British National Lymphoma Investigation randomised study of MOPP (mustine, Oncovin, procarbazine, prednisolone) against LOPP (Leukeran substituted for mustine) in advanced Hodgkin's disease--long term results

From 1979-1983, 299 patients with stage III or IV Hodgkin's disease (HD) were randomised to receive cyclical chemotherapy with MOPP (mustine, Oncovin, procarbazine, prednisone) or LOPP (Leukeran substituted for mustine). Two hundred and ninety patients were evaluable. There was no statistically significant difference between the complete remission (CR) rates (63% for MOPP, 57% for LOPP), percentage of patients remaining disease free at 5 years (38% for MOPP, 35% for LOPP) and overall survival at 5 years (65% for MOPP, 64% for LOPP).

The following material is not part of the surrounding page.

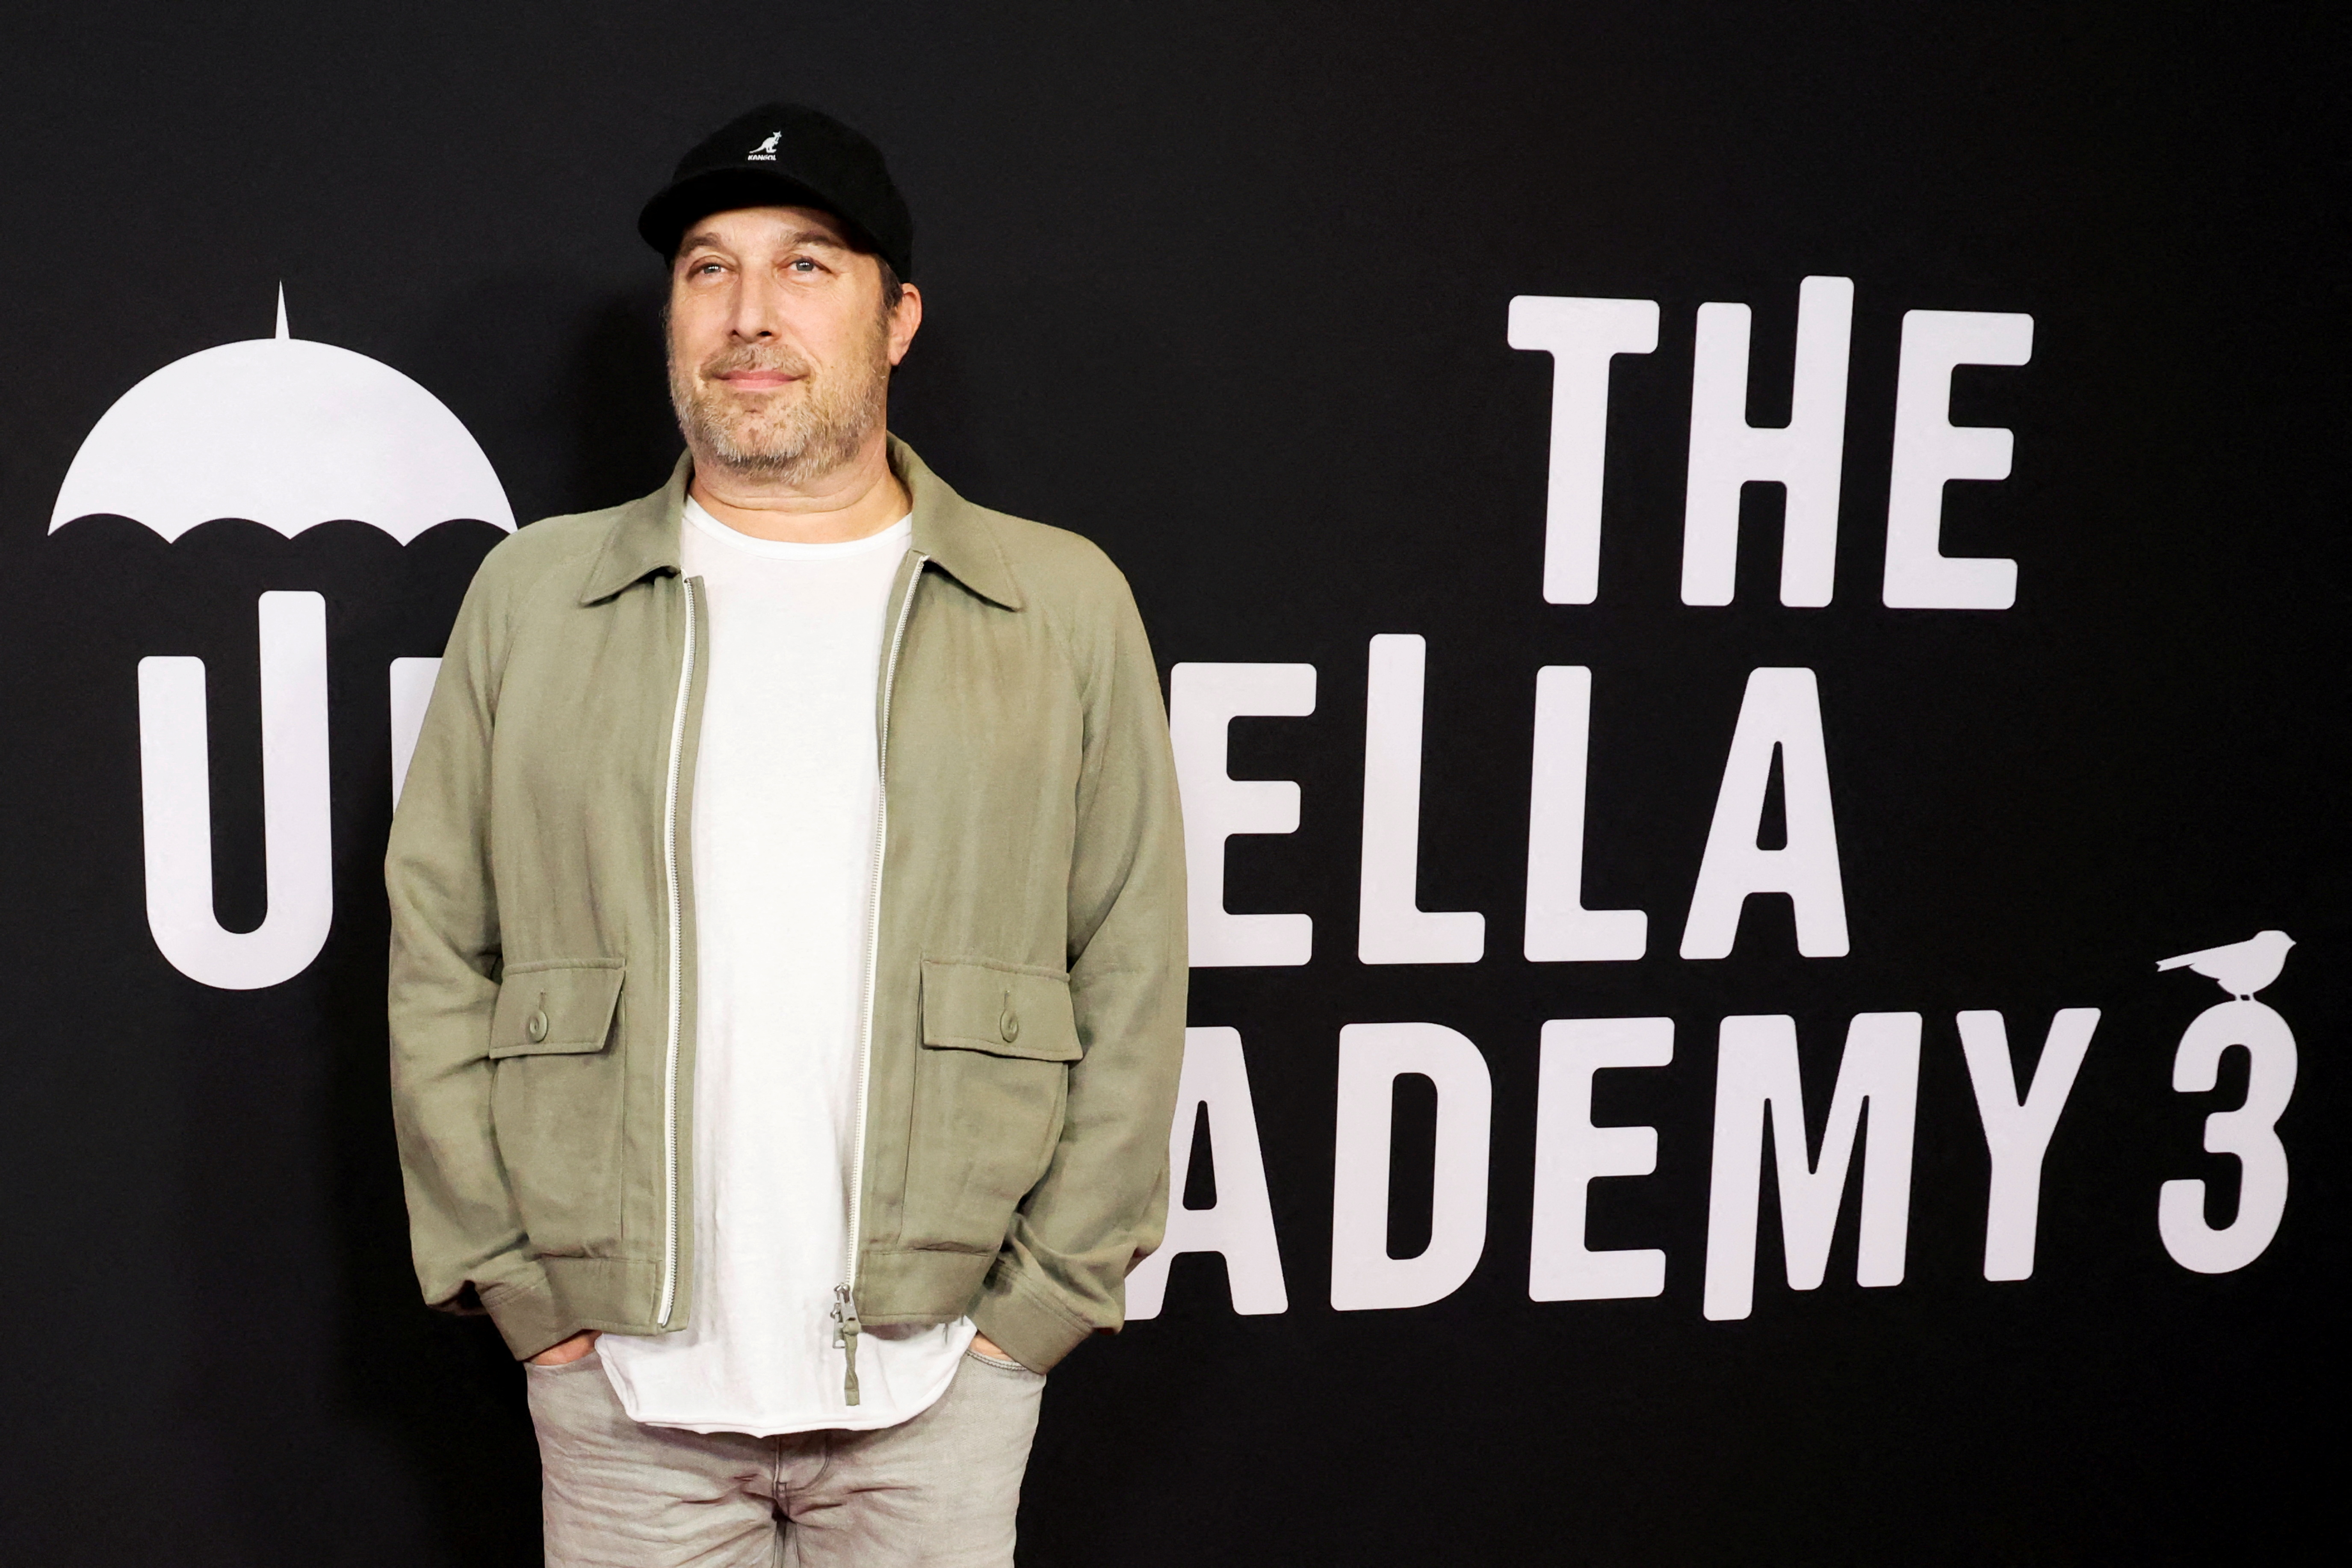 A premiere for the television series The Umbrella Academy

On multivariate analysis younger age, grade I histopathology, absence of systemic symptoms, and normal albumin level were favourable prognostic factors for survival. Acute toxicity in the form of nausea/vomiting, myelosuppression, and phlebitis were less with LOPP than MOPP. Deaths in both groups were usually due to disseminated Hodgkin's disease; there were no infective deaths in the absence of Hodgkin's disease. Second malignancies occurred in six patients treated with MOPP--three acute myeloid leukaemia (AML), one non-Hodgkin's lymphoma (NHL), two carcinomas (Ca); with LOPP, four second malignancies occurred (one AML, one NHL, two Ca). These long term results confirm that LOPP is as effective as MOPP, and less toxic, in the treatment of advanced Hodgkin's disease.